■ **Required work**:
Under this line is a listing; return exactly the lines starting at the one with "Paul Schulenberg's portrait" and running down to the one with "移住「体験」ツアー | 移住関連イベント情報", and leave out its pictures.

■ **Recorded information**:
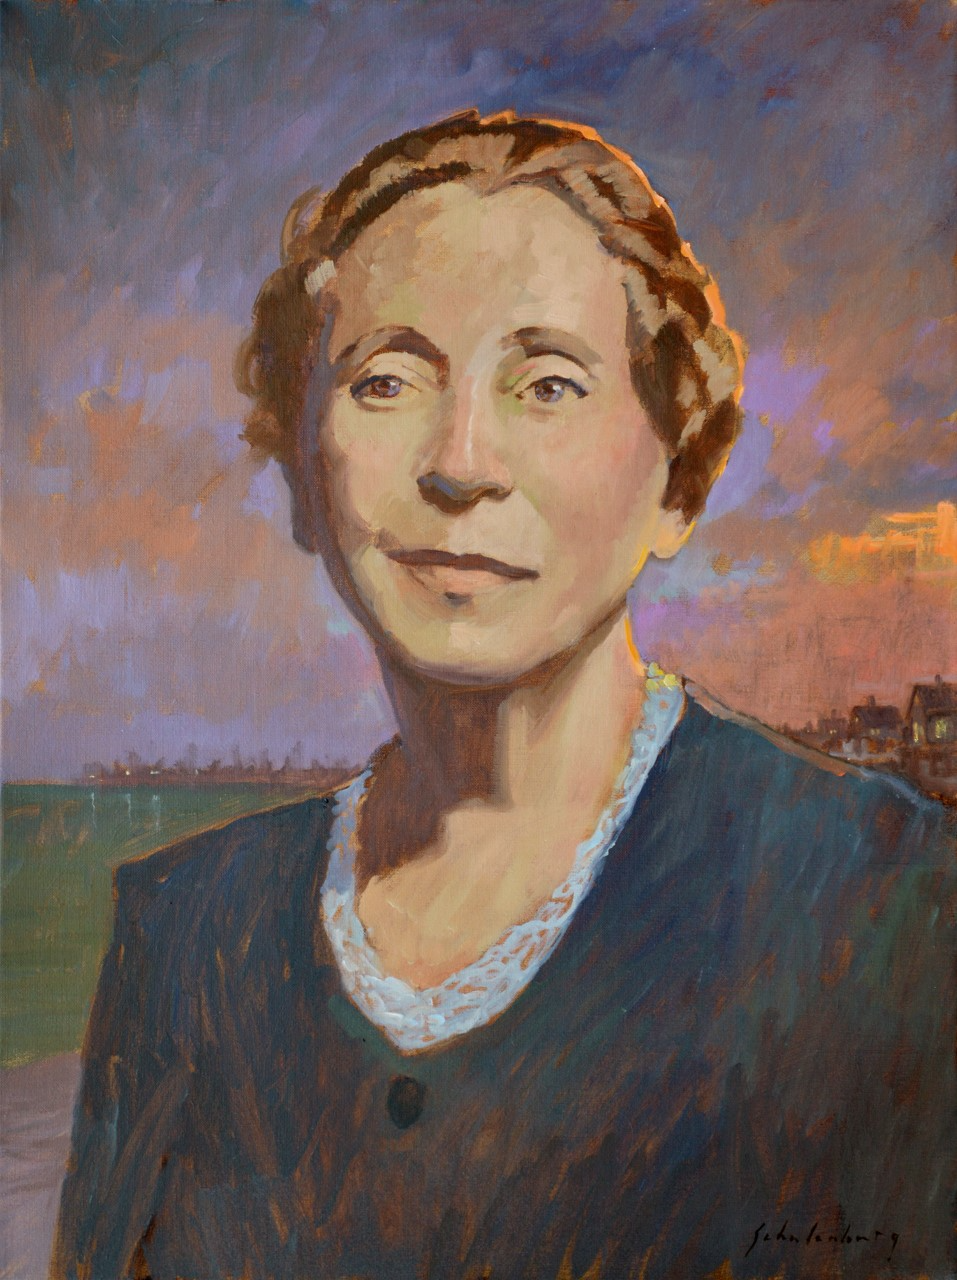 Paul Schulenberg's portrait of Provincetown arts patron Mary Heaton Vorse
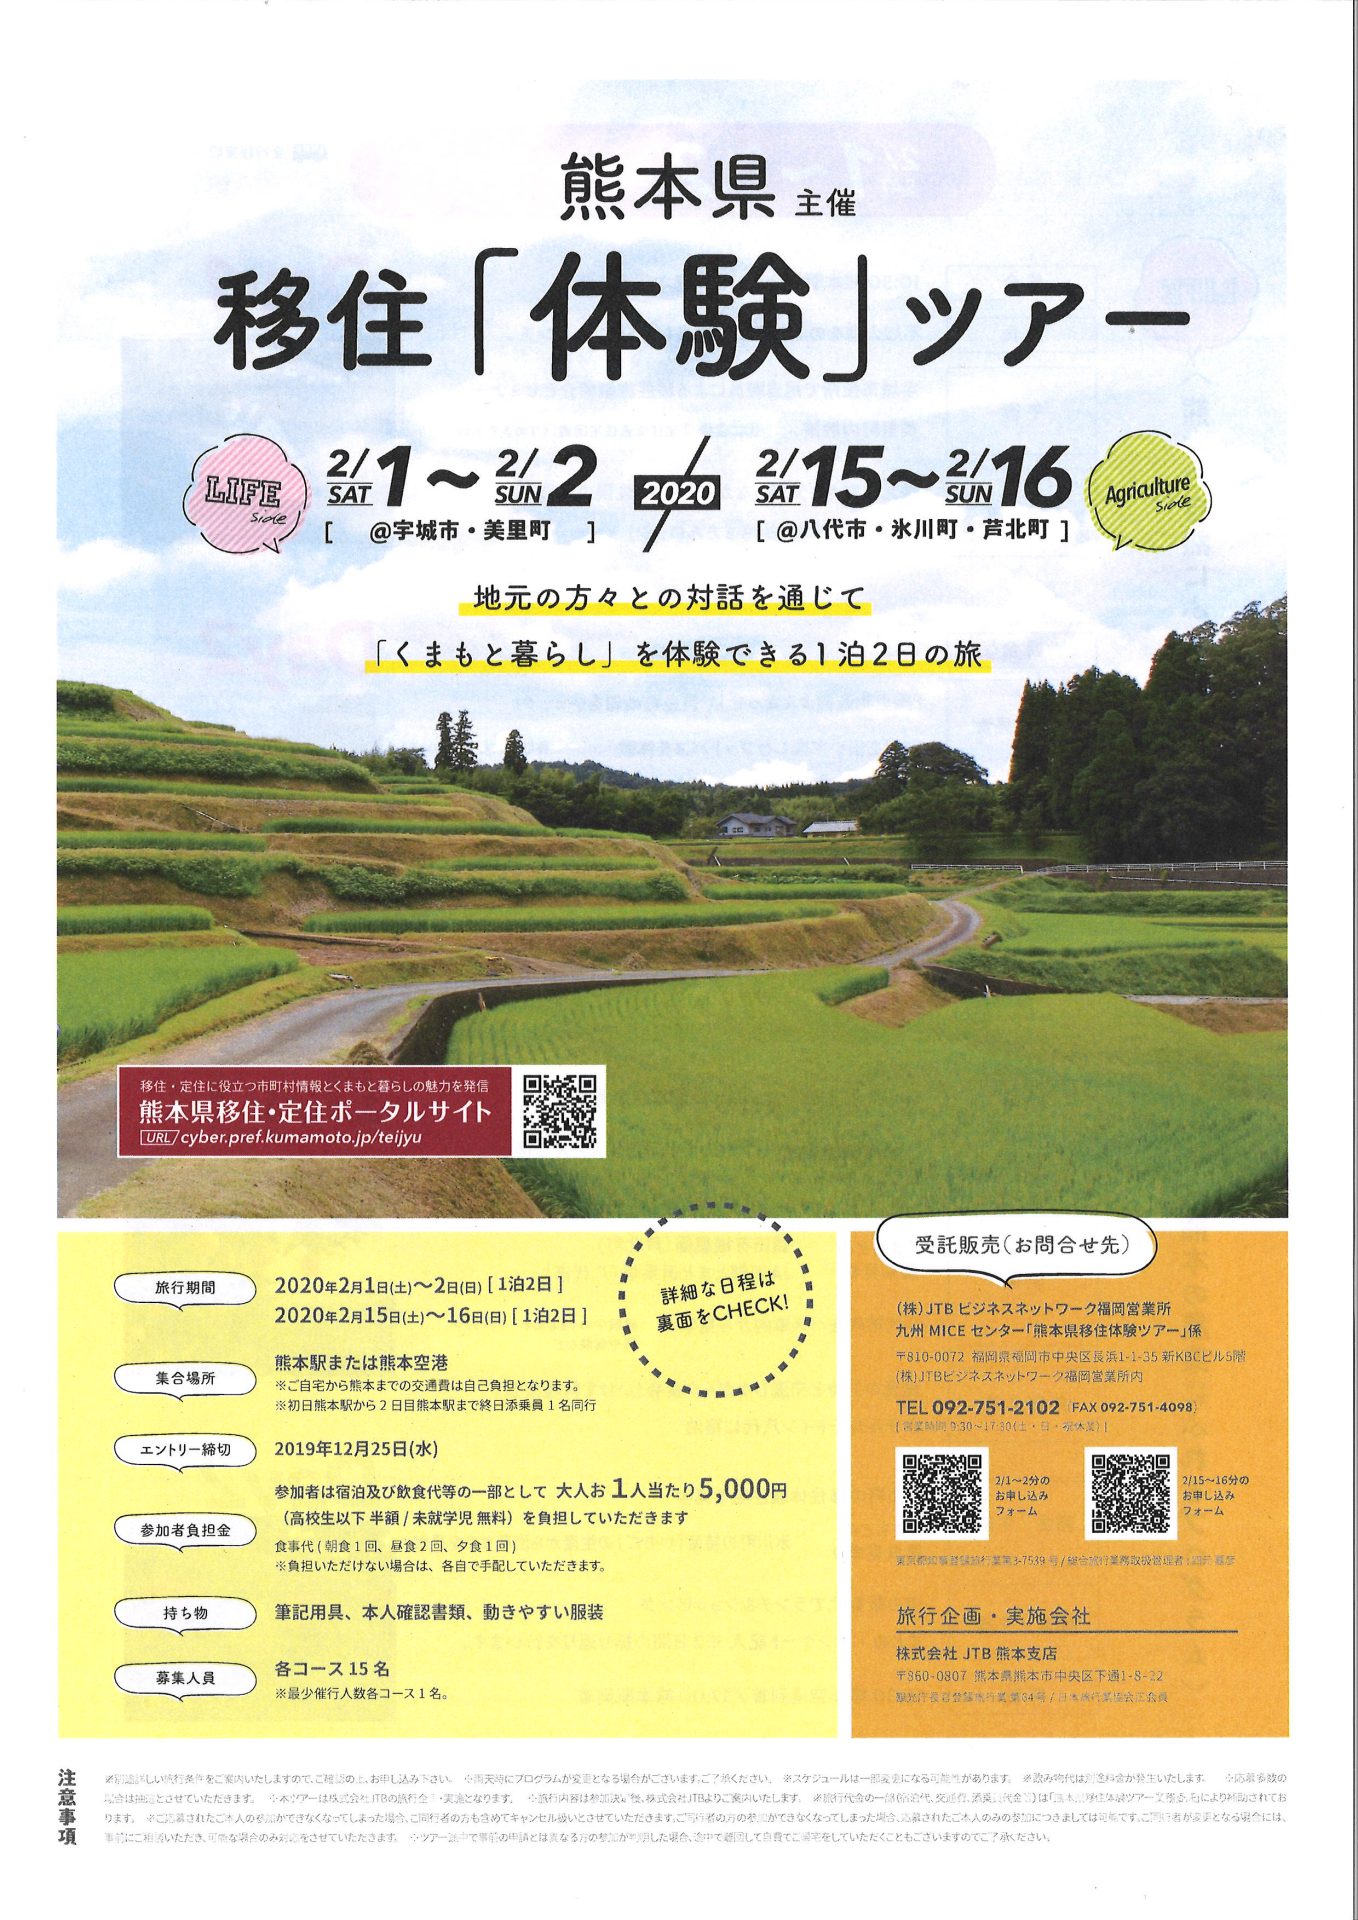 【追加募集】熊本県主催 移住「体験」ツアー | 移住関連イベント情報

...

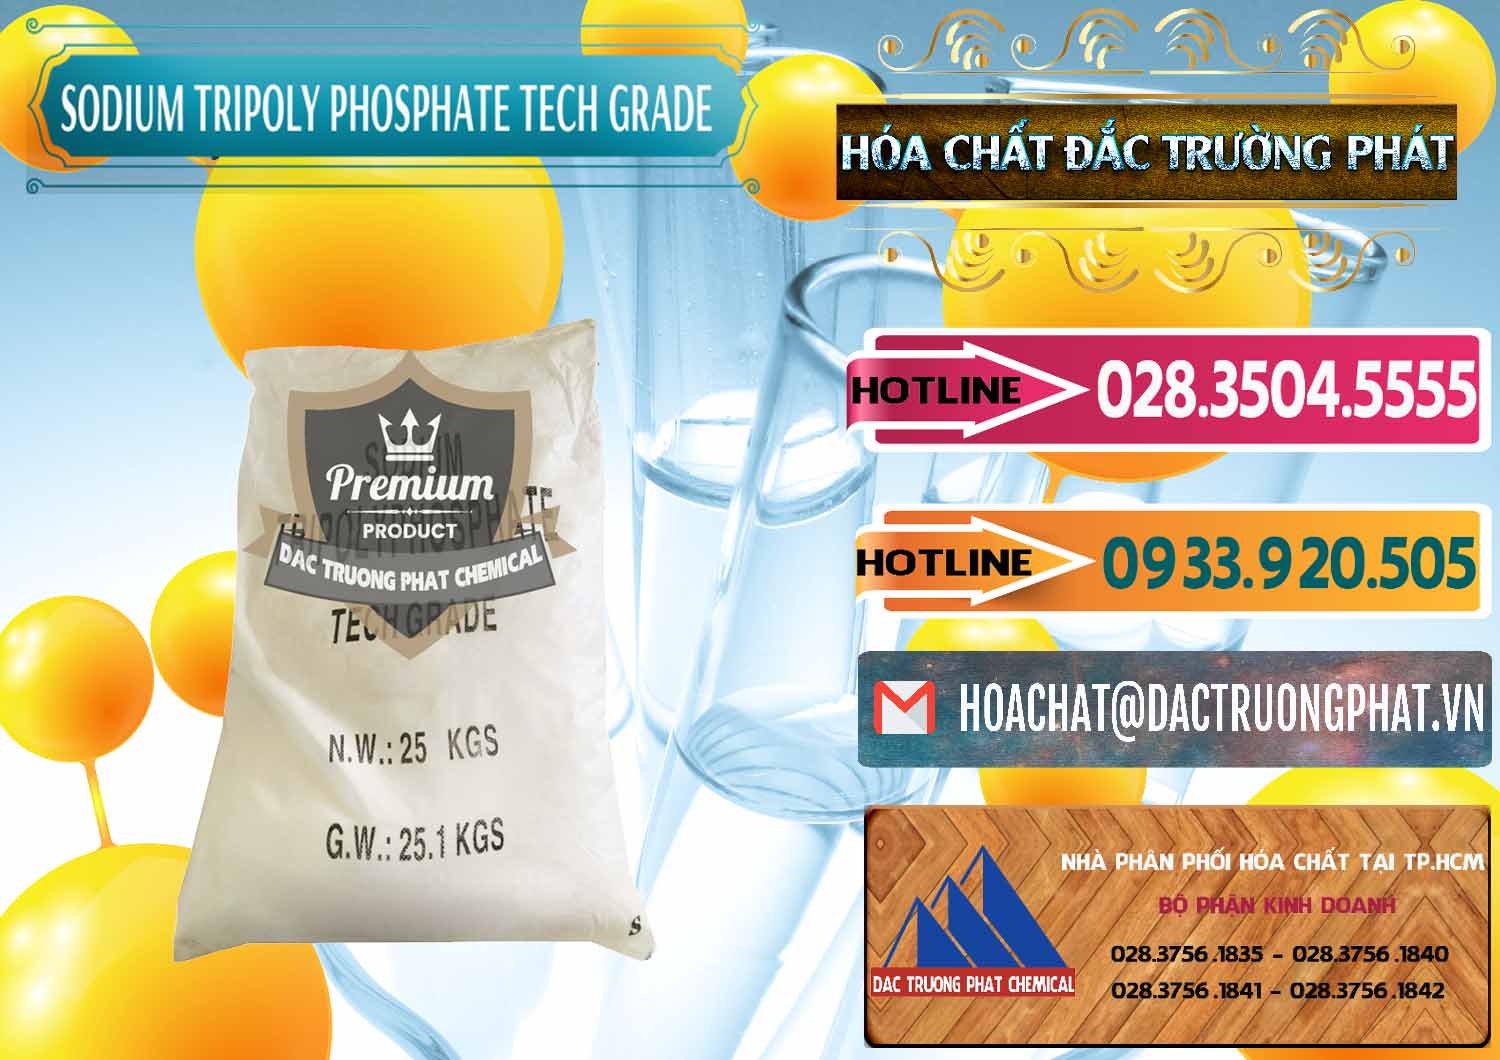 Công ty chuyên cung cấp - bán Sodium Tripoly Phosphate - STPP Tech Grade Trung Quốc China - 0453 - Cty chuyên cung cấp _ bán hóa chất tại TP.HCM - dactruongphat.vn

■ **Your response**:
 Paul Schulenberg's portrait of Provincetown arts patron Mary Heaton Vorse
 【追加募集】熊本県主催 移住「体験」ツアー | 移住関連イベント情報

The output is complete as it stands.